Hello Val,
The biggest issues are with the 5000 series. Yesterday we had to fail over a 5200 fw to the stand-by member, then reboot the firewall. I have a SR for a 5600 series.
CPU usage started increasing from 7-8% for no reason to 80% (when we failed over not to impact the availability of the services).
This resolution is from TAC case opened on 15/11:
"the issue stemmed from the overutilization of SNDs and out-of-order packets. Upon further investigation within SND, the identified thread function causing the issue is:
# Overhead Command Shared Object Symbol # ........ ....... ................. ...............................................
# 90.95% snd_c [kernel.kallsyms] [k] native_queued_spin_lock_slowpath
TAC engineer recommended a couple of config changes and tweaks:
1) Enable the drop template on the cluster
2) Enable Dynamic balancing on both members. - not the case on 5200/5400 as they both have 2 core.
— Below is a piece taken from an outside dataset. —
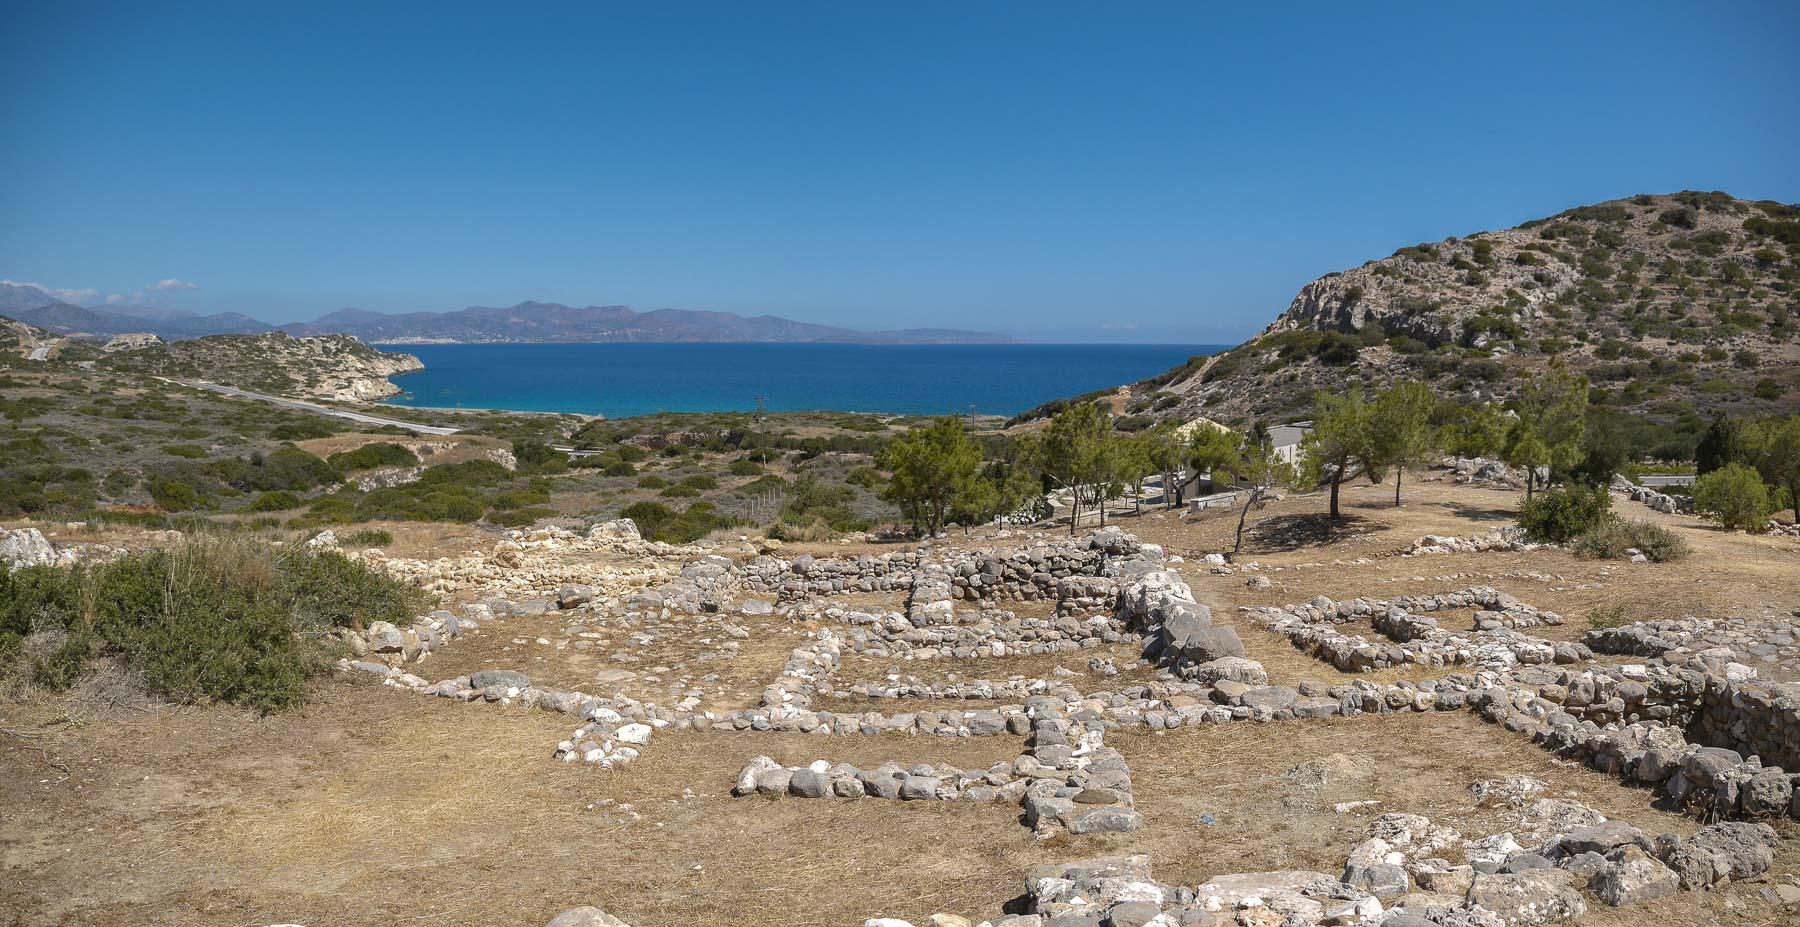 Grundmauern in einer Außgrabungsstätte auf Kreta

For 5600 series we are going to configure an additional core for SND. (2 for SND and 2 for FW).
3) Prioritize the placement of the most frequently used rules at the top of the policy list. - I don't think this is an issue as this FW CPU load is usually between 7%-15 %
4) If feasible, expedite port 1024 in the fast path. - this is the TAC engineer was wrong ( I believe) as cpview showed 24% CPU utilization for TCP: 1024 and he thought that means high traffic on this port. In fact what I understood is that TCP:1024 means usage on ports above TCP:1024..
Basically, we still don't know what triggers this strange behavior on 5000 series on 81.20. It was rock stable on 80.40.
"root cause of the issue as SND and out-of-order packets" Why? What is causing this behavior on R81.20? Are the appliances to old for 81.20? I know they are EOS Dec 2025.
Thanks!
@ the_rock - that's good to know!!